Statistical analysis

We fitted generalised linear models with a negative binomial error structure to the weekly counts of deaths, taking account of the numbers at risk in each week (the denominator sizes [27], by offsetting it after log transformation). All models included 3 pairs of Fourier terms (for creating a harmonic function of calendar week) to capture seasonality in death rate; 3 pairs of terms were chosen as we wished to adequately capture some degree of complexity in seasonal patterns without overfitting. A quadratic function of calendar year (treated as a continuous variable) was used to capture any major underlying trends allowing for nonlinearity [28]. We refer to this as the basic model. The estimation equation for the basic model is included in S4 Text.

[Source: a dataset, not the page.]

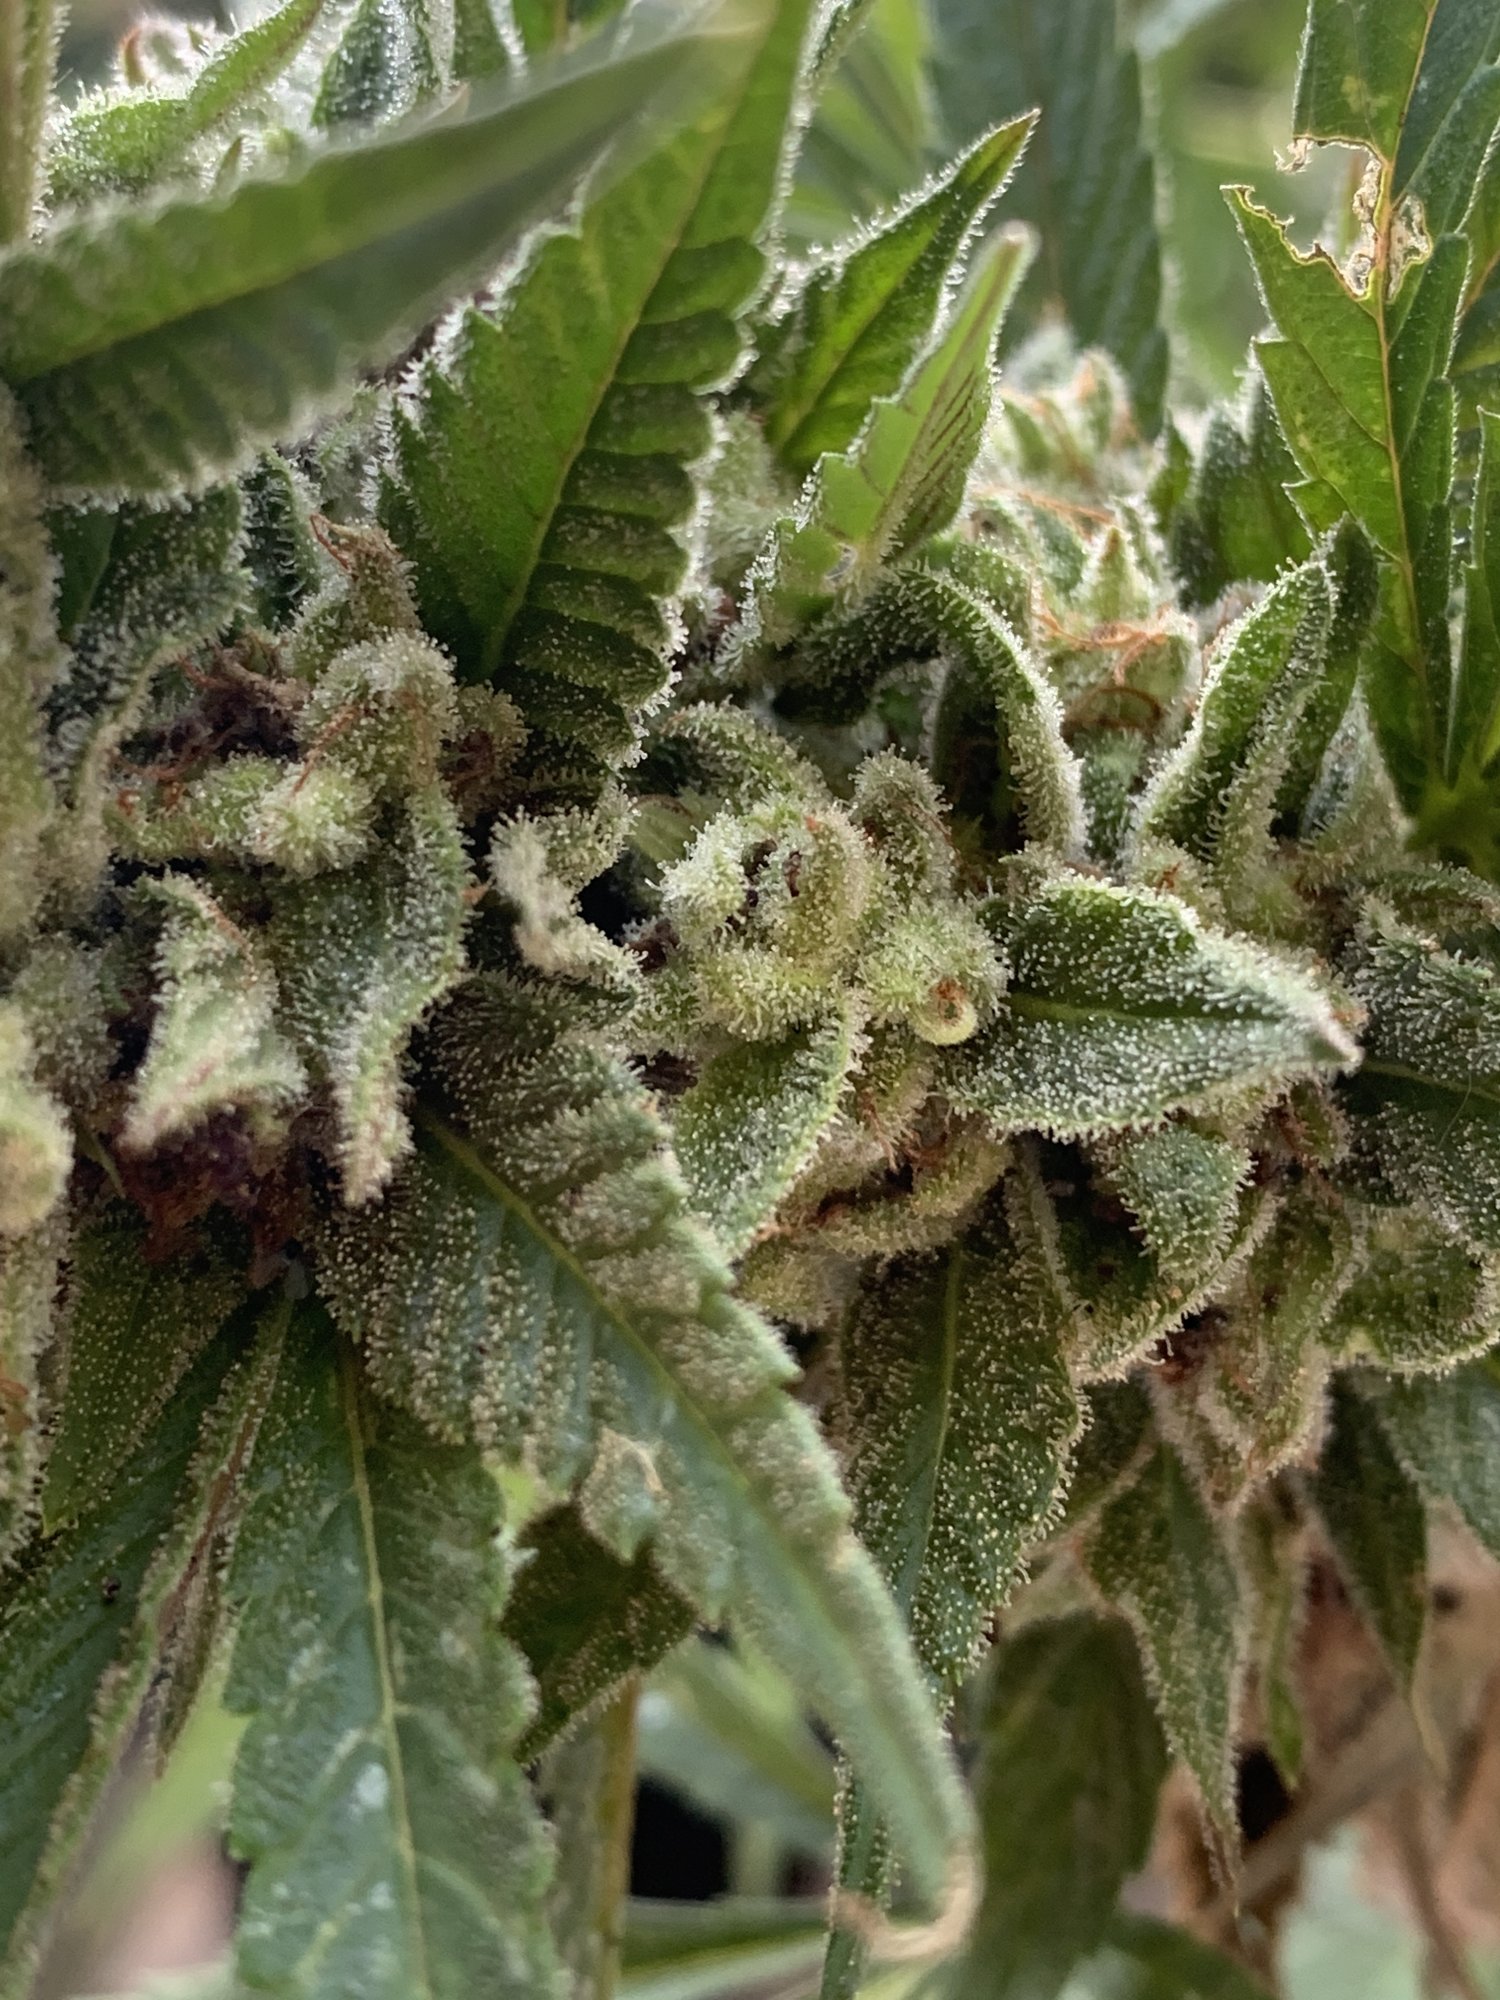 When should i harvest these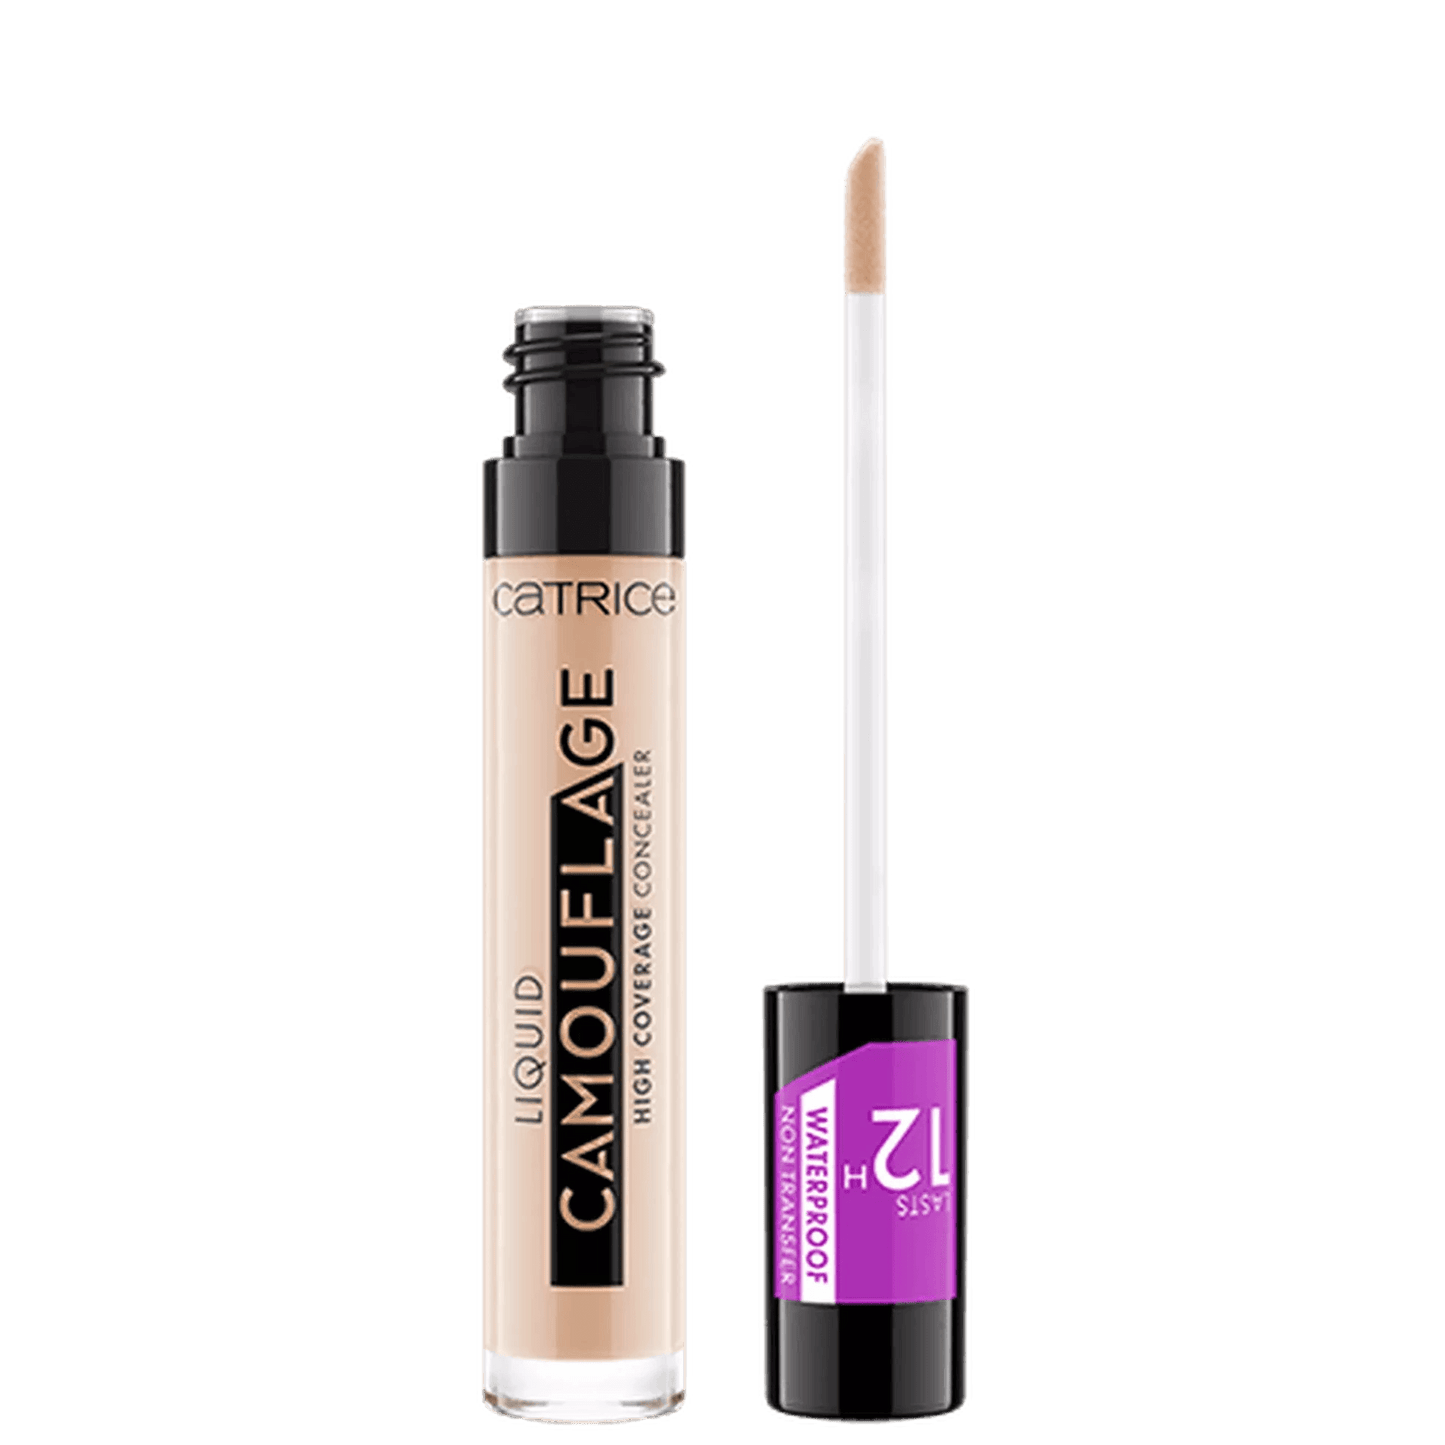 Catrice Liquid Camouflage High Coverage Concealer 005 Light Natural - Beauty Bounty

Overall and relative excess mortality.

The basic model was fitted using only the data from the prepandemic period, initially for the overall population and then restricted to each factor in turn (e.g., black ethnicity, overweight, dementia, and diabetes), to predict the number of deaths to be expected during the pandemic period (during and after Wave 1). We checked the adequacy of our generalised linear models by comparing observed and expected deaths in the prepandemic period; we additionally assessed the distribution of the deviance residuals and estimated mean weekly deviance residuals as a proportion of weekly death counts. We calculated excess deaths during Wave 1 of the pandemic by subtracting total predicted deaths during this period from total observed deaths. We estimated 95% confidence intervals by pooling the weekly standard errors for predicted deaths [29].

Association between individual factors and mortality before and during Wave 1.

We estimated relative rates (RRs) of death for each health and demographic factor in separate models, allowing for an interaction with the time period (before versus during Wave 1 of the pandemic) and adjusting for age and sex differences. This was done by extending the basic model to include a binary pandemic indicator (1 for Wave 1, 0 otherwise), the binary/categorical variable representing the health or demographic factor grouping (e.g., diabetes, ethnicity, and BMI), and terms capturing their interaction. Age (in 5-year age groups) and sex were also included in each model to adjust for differences in age and sex structure by health or sociodemographic status (e.g., people with or without diabetes and black ethnicity versus white ethnicity). Missing categories for ethnicity, BMI, and smoking status were excluded in these primary analyses. We examined partial autocorrelation plots and found no evidence of residual autocorrelation in the final models [28].

Secondary and sensitivity analyses.

In secondary analyses, we described differences between age groups and sex. For cancer, previous evidence shows an increased risk of poor COVID-19 outcomes in haematological cancer patients [1], and thus we also estimated RRs of death separately for haematological and nonhaematological cancer patients, all diagnosed in the last year. As people recently diagnosed with cancer may have been more motivated to avoid infection than long-term cancer survivors, we further extended our analyses to include people who had cancer diagnosed >1 year and <5 years ago and more than 5 years ago.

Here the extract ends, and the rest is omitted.